Le Parti camerounais pour la réconciliation nationale (PCRN), dirigé par Cabral Libii, franchit une nouvelle étape dans son implication au sein des institutions étatiques. Par un décret présidentiel signé le 2 juin 2026, l’honorable Rolande Ngo Issi, députée issue de la circonscription du Nyong et Kellé, a été officiellement désignée membre du Conseil supérieur de la magistrature.
Cette nomination marque une ouverture notable du pouvoir en place vers des figures de l’opposition parlementaire. Aux côtés de l’élue du PCRN, d’autres personnalités rejoignent cette instance prestigieuse, à l’instar de l’ancien ministre Sali Dahirou et de la députée Soppo Toute Marlyse du Wouri, représentante du RDPC. Le nouveau contingent comprend également des experts du droit tels que Claude Francis Moukouri, ex-vice-président du Tribunal criminel spécial (TCS), ainsi qu’Albert Ekono Nna, Engelbert Bengono, Mekoulou Cunégonde Christine épouse Ngotty et Roger Sockeng.
Un parcours académique et politique dense
Née le 9 janvier 1981 à Yaoundé, Rolande Ngo Issi affiche une trajectoire multidimensionnelle. En plus de son mandat à l’Assemblée nationale, elle occupe désormais la fonction de membre suppléante du Conseil supérieur de la magistrature, sur décision du Président Paul Biya. Son influence s’étend également au sein de son parti, où elle officie comme secrétaire générale à la délégation régionale du Centre et siège au comité directeur national du PCRN. Par ailleurs, elle assure la fonction de secrétaire générale adjointe du Réseau des femmes parlementaires du Cameroun.
Sur le plan civil, elle préside depuis avril 2016 le Mouvement national des consommateurs (MNC). Sa formation intellectuelle repose sur un master en psychologie de l’enfant obtenu à l’Université de Yaoundé 1, une licence en science politique de l’Université de Yaoundé 2 – Soa, ainsi qu’un diplôme de l’Ecole normale supérieure (ENS). Avant de s’engager pleinement en politique, elle a consacré onze années à l’enseignement en zone rurale et s’est investie dans le coaching en développement personnel.
Une voix critique au sein de l’hémicycle
Très active sur les réseaux sociaux où elle encourage l’entrepreneuriat chez les jeunes, Rolande Ngo Issi n’hésite pas à interpeller l’exécutif sur les enjeux socio-économiques. Lors des récents débats sur l’orientation budgétaire, elle a vivement questionné la viabilité de la politique d’import-substitution. Elle a notamment pointé du doigt les obstacles structurels tels que les coupures d’électricité récurrentes, l’instabilité de la connexion internet et une pression fiscale qu’elle juge asphyxiante pour les acteurs économiques.

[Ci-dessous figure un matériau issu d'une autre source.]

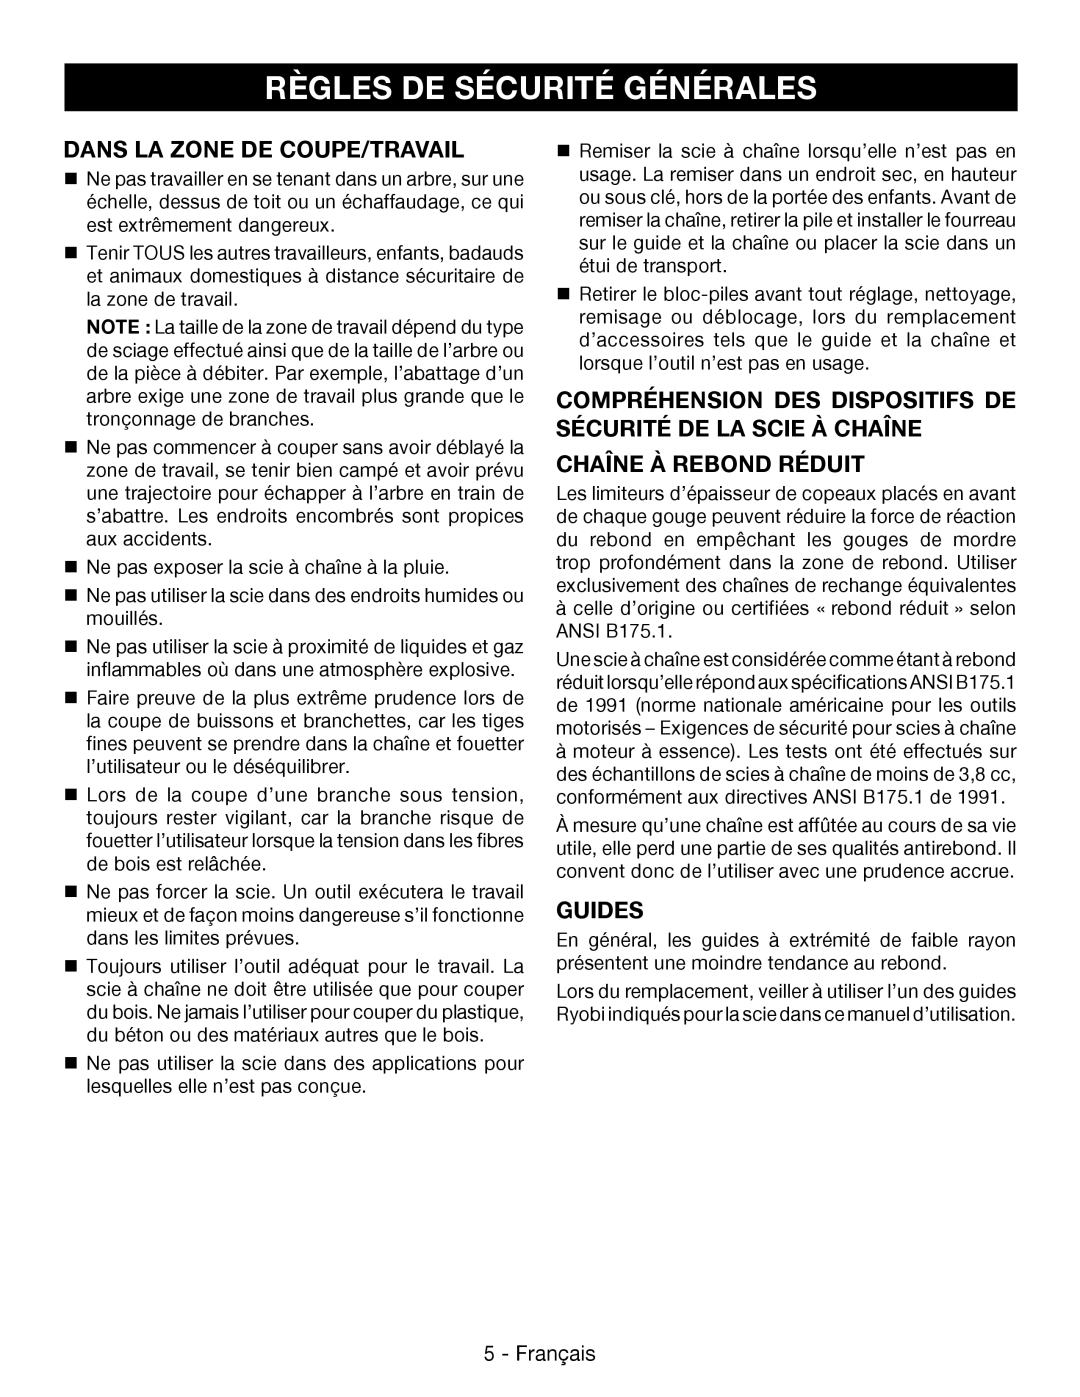 Ryobi P545 Dans La Zone De Coupe/Travail, Chaîne À Rebond Réduit, Guides, Règles De Sécurité Générales, Français

L’élue a également porté la voix des forces de l’ordre en interpellant le ministre des Finances sur les retards d’avancement de solde au sein de la police. Elle a souligné une disparité de traitement par rapport à l’armée, où ces ajustements seraient automatiques, contrairement aux policiers qui attendent une régularisation depuis 2017. Cette nomination au Conseil supérieur de la magistrature place désormais cette figure montante du PCRN au cœur des enjeux judiciaires du Cameroun.